Graphical Representation of Data

The representation of data by tables has already been discussed. Now let us turn our attention to another representation of data, i.e., the graphical representation. It is well said that one picture is better than a thousand words. Usually comparisons among the individual items are best shown by means of graphs. The representation then becomes easier to understand than the actual data. We shall study the following graphical representations in this section.

(A) Bar graphs

(B) Histograms of uniform width, and of varying widths

(C) Frequency polygons

In earlier classes, you have already studied and constructed bar graphs. Here we shall discuss them through a more formal approach. Recall that a bar graph is a pictorial representation of data in which usually bars of uniform width are drawn with equal spacing between them on one axis (say, the x-axis), depicting the variable. The values of the variable are shown on the other axis (say, the y-axis) and the heights of the bars depend on the values of the variable.

Observe the bar graph given above and answer the following questions:

(i) How many students were born in the month of November?

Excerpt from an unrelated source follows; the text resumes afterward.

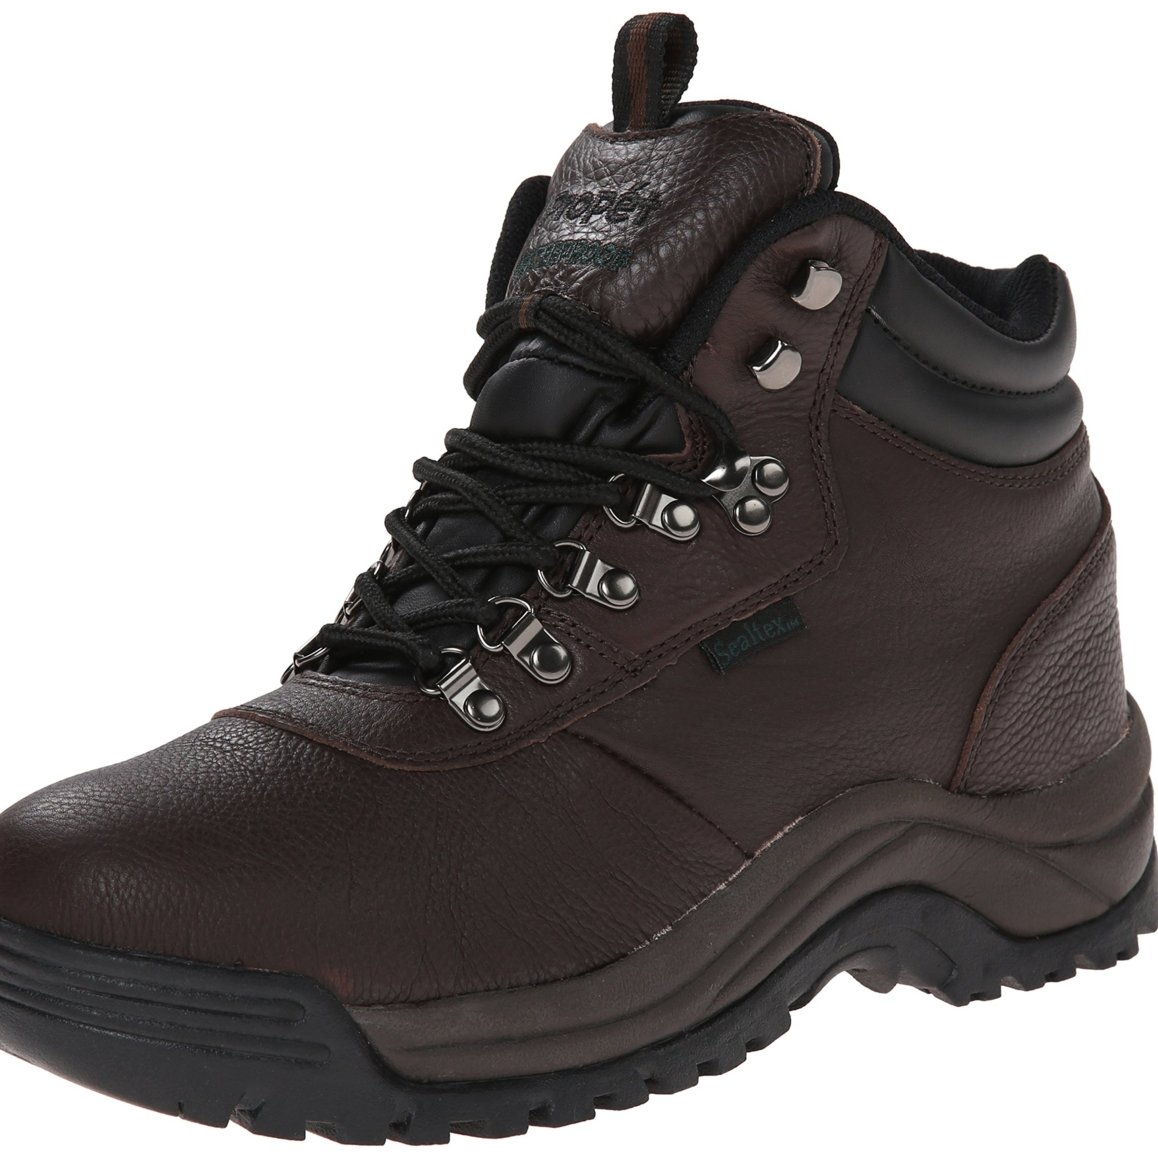 Propet Men's Cliff Walker Hiking Boot Bronco Brown - M3188BRO - BRONCO BROWN, 9.5-2E

(ii) In which month were the maximum number of students born?

Solution : Note that the variable here is the ‘month of birth’, and the value of the variable is the ‘Number of students born’.

(i) 4 students were born in the month of November.

(ii) The Maximum number of students were born in the month of August.

Let us now recall how a bar graph is constructed by considering the following example.

This is a form of representation like the bar graph, but it is used for continuous class intervals. For instance, consider the frequency distribution Table 14.6, representing the weights of 36 students of a class:

Weights (in kg) | Number of students |

30.5 - 35.5 | 9 |

35.5 - 40.5 | 6 |

40.5 - 45.5 | 15 |

45.5 - 50.5 | 3 |

50.5 - 55.5 | 1 |

55.5 - 60.5 | 2 |

Total 36 |

Let us represent the data given above graphically as follows:

- (i) We represent the weights on the horizontal axis on a suitable scale. We can choose the scale as 1 cm = 5 kg. Also, since the first class interval is starting from 30.5 and not zero, we show it on the graph by marking a kink or a break on the axis.
- (ii) We represent the number of students (frequency) on the vertical axis on a suitable scale. Since the maximum frequency is 15, we need to choose the scale to accomodate this maximum frequency.
- (iii) We now draw rectangles (or rectangular bars) of width equal to the class-size and lengths according to the frequencies of the corresponding class intervals. For example, the rectangle for the class interval 30.5 - 35.5 will be of width 1 cm and length 4.5 cm.
- (iv) In this way, we obtain the graph as shown in Fig. 14.3:

Observe that since there are no gaps in between consecutive rectangles, the resultant graph appears like a solid figure. This is called a histogram, which is a graphical representation of a grouped frequency distribution with continuous classes. Also, unlike a bar graph, the width of the bar plays a significant role in its construction.

Here, in fact, areas of the rectangles erected are proportional to the corresponding frequencies. However, since the widths of the rectangles are all equal, the lengths of the rectangles are proportional to the frequencies. That is why, we draw the lengths according to (iii) above.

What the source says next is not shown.